### Collected material
______________________________

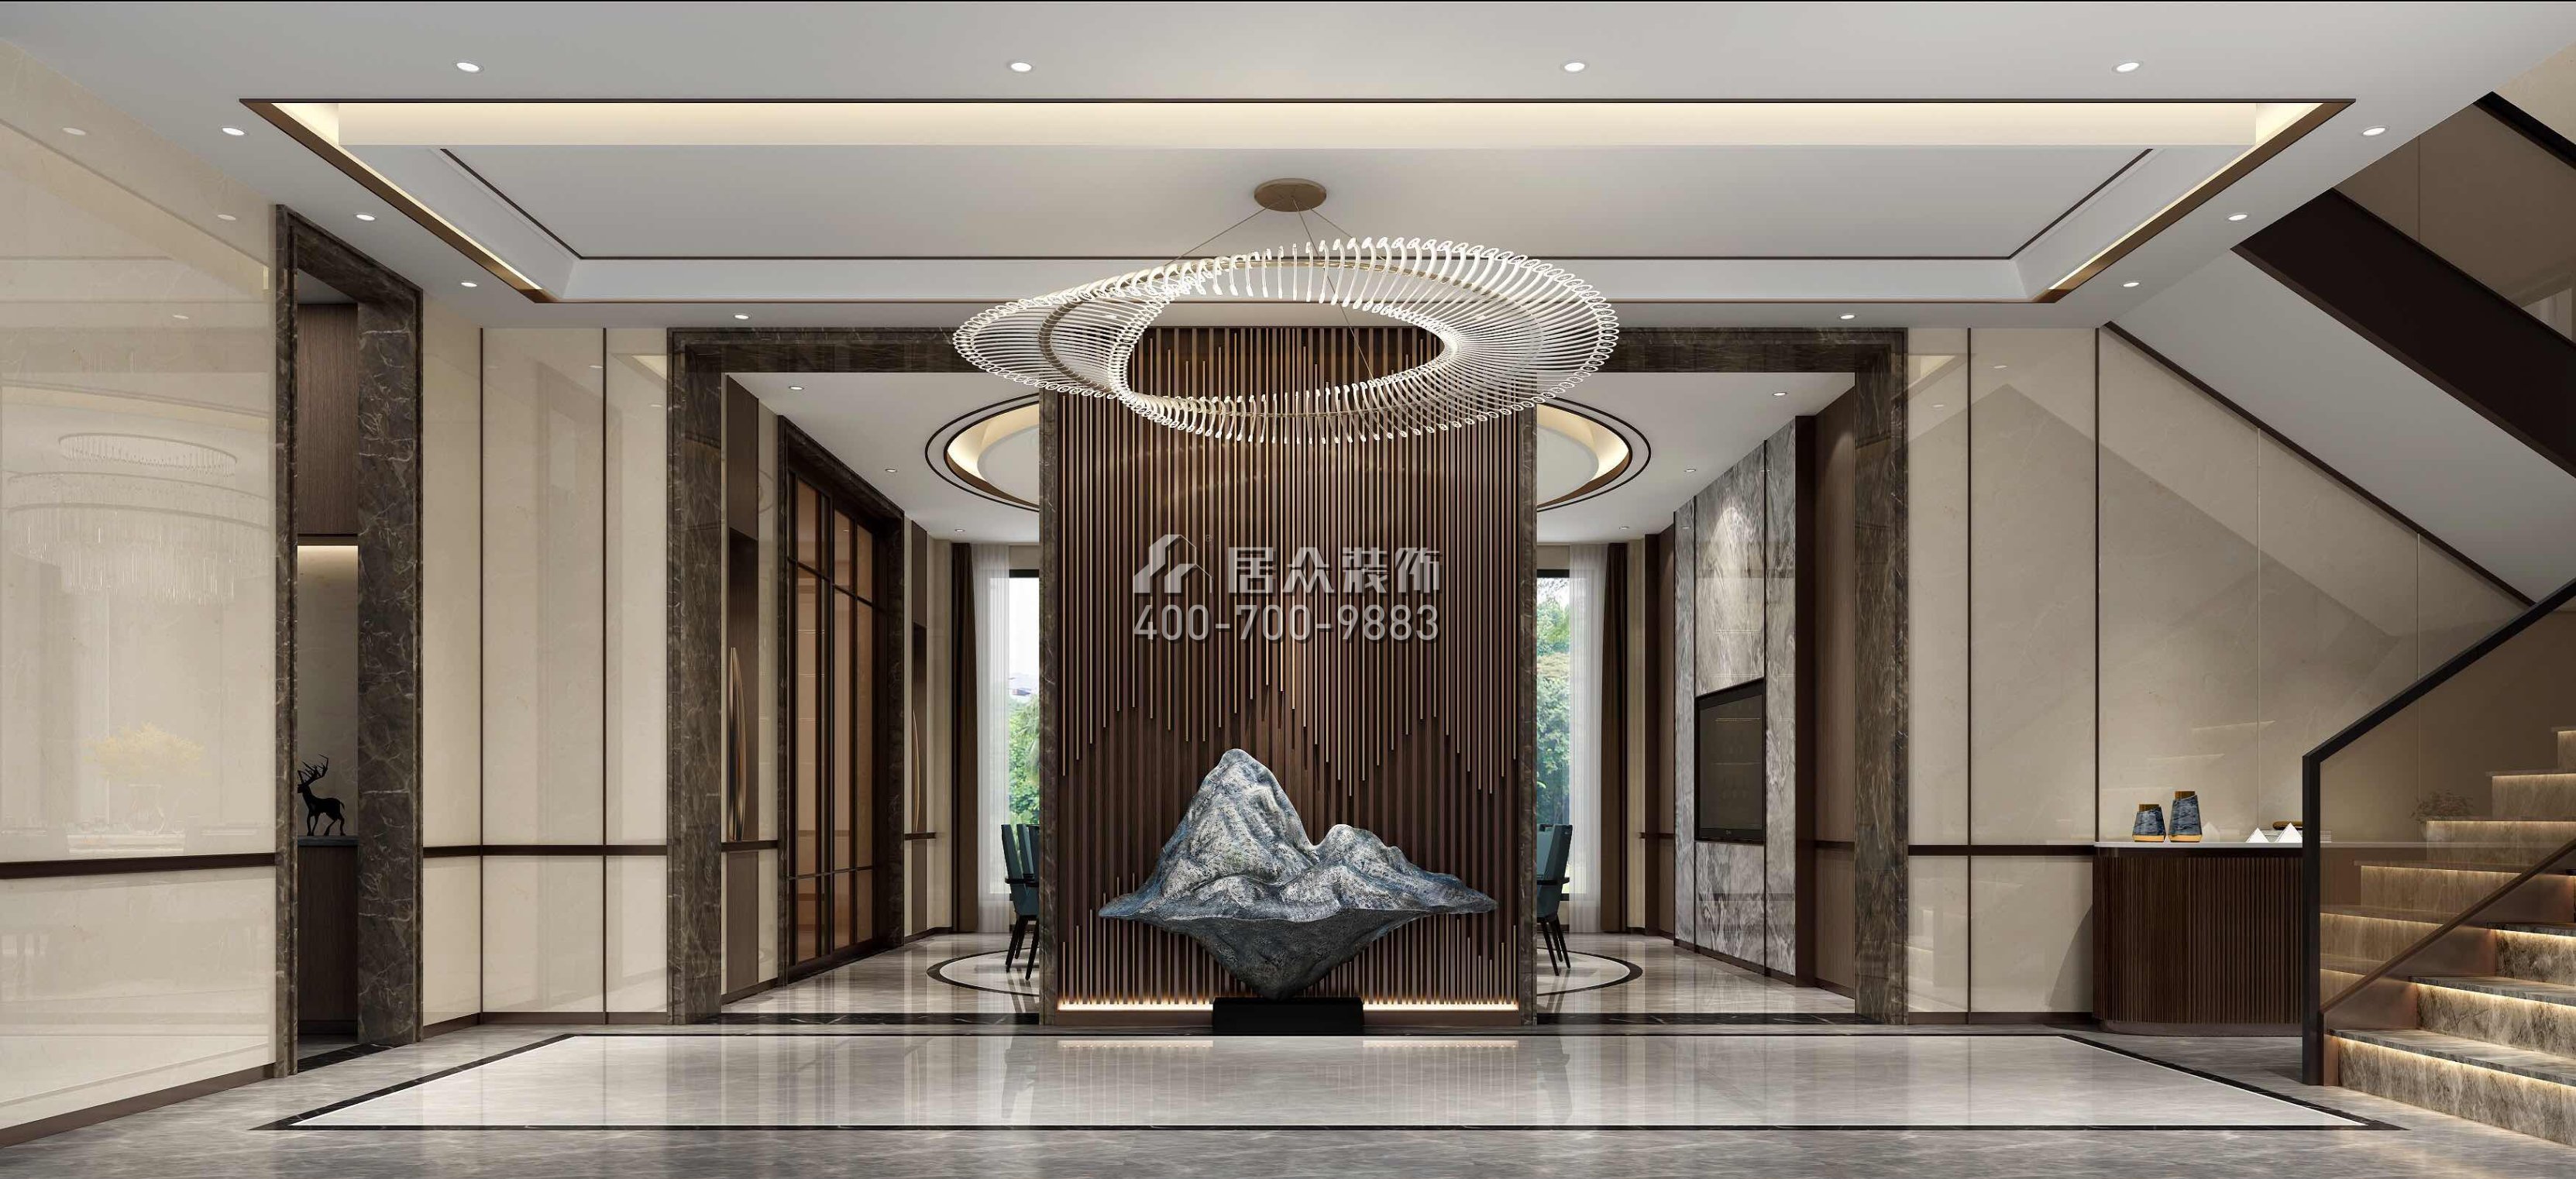 新世纪颐龙湾1000平方米中式风格别墅户型封面装修效果图
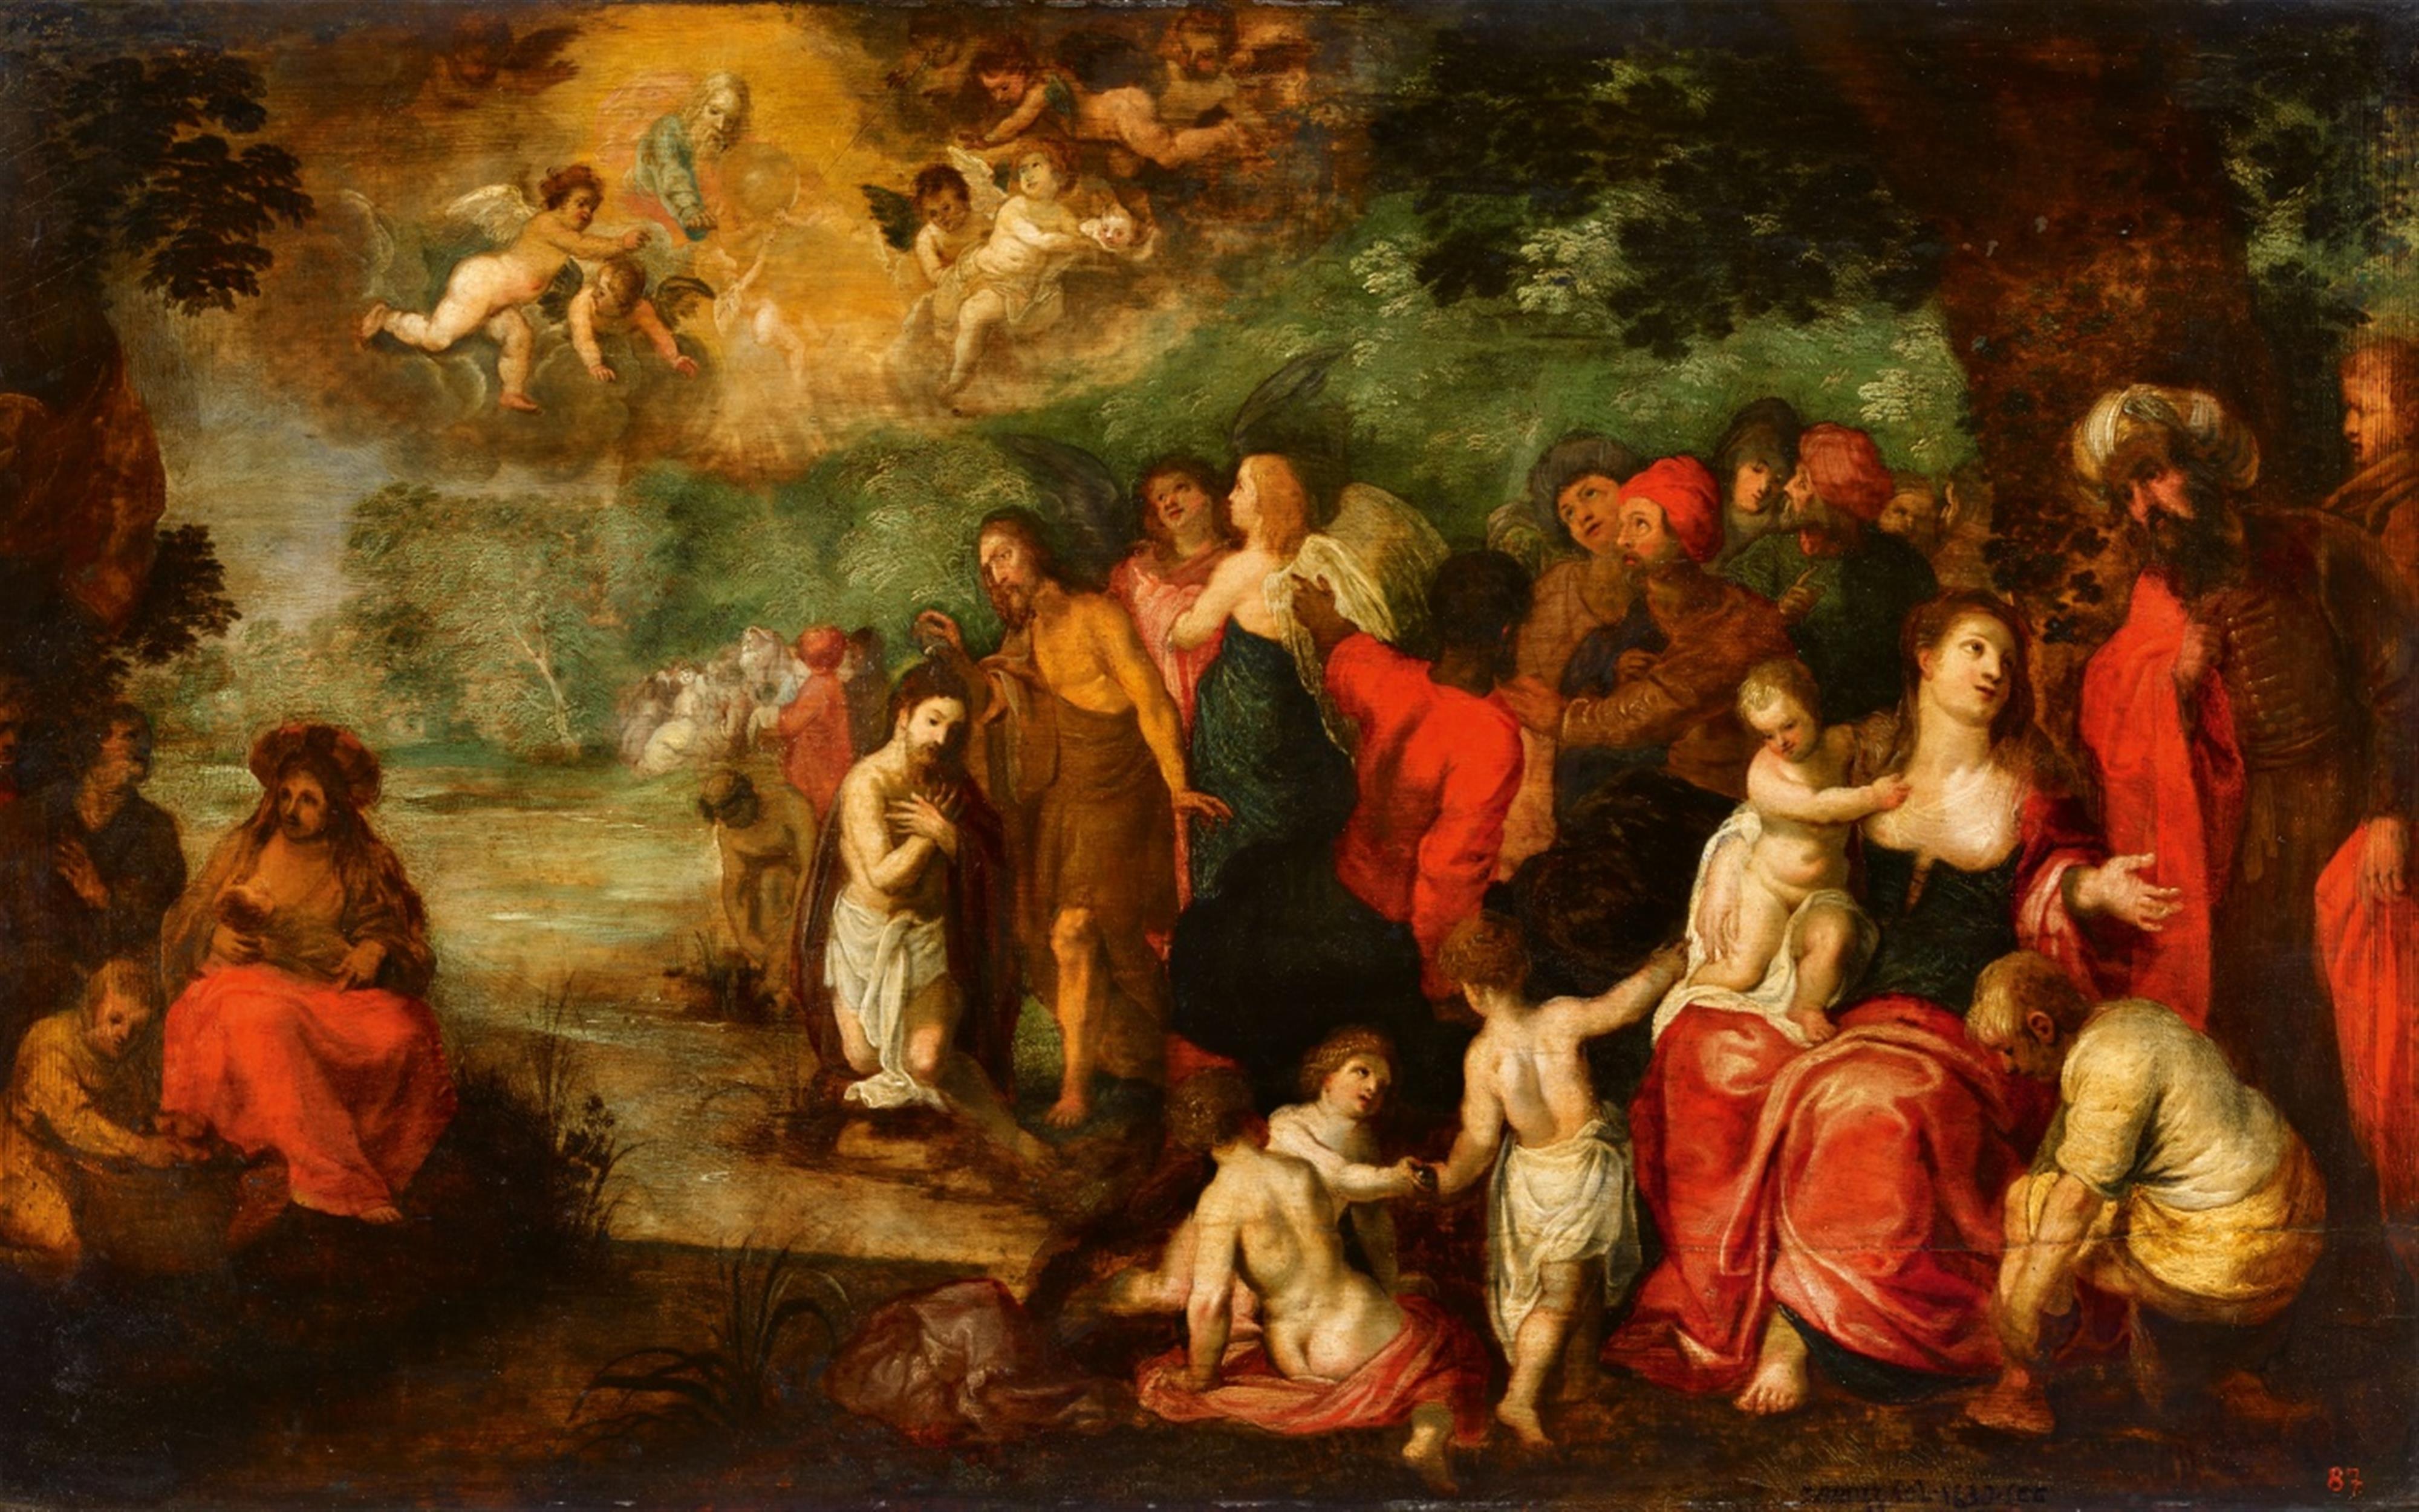 Jan Brueghel the Younger, studio of
Hendrick van Balen - The Baptism of Christ - image-1
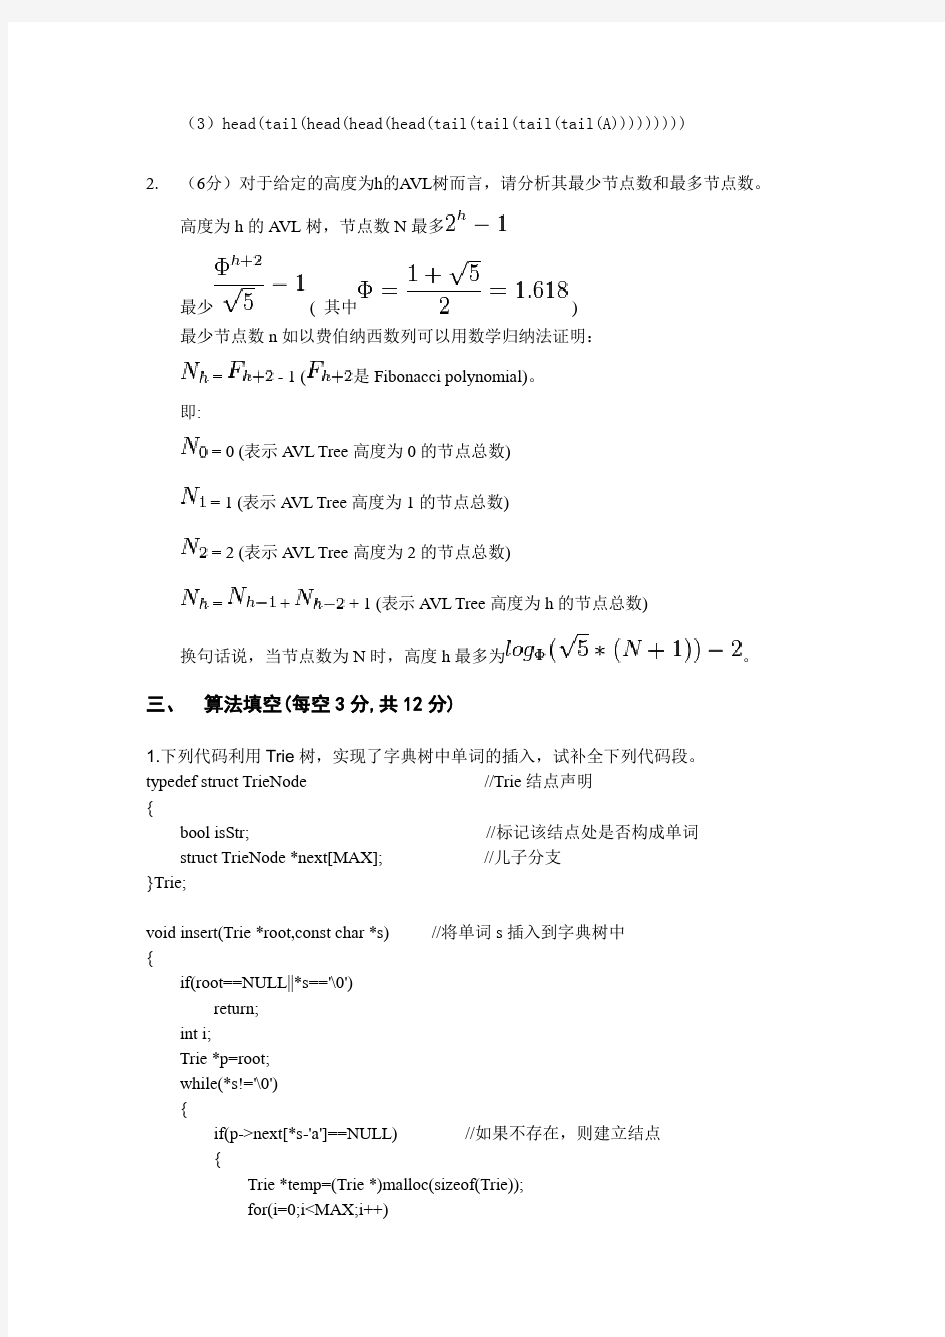 北京大学数据结构与算法2015-16DS期末考试题考试

______________________________

### Exercise description
Reproduce every line of the material precisely, omitting its pictures.

### Answer to this task
 新世纪颐龙湾1000平方米中式风格别墅户型封面装修效果图
 Jan Brueghel the Younger, studio of
Hendrick van Balen - The Baptism of Christ - image-1
 北京大学数据结构与算法2015-16DS期末考试题考试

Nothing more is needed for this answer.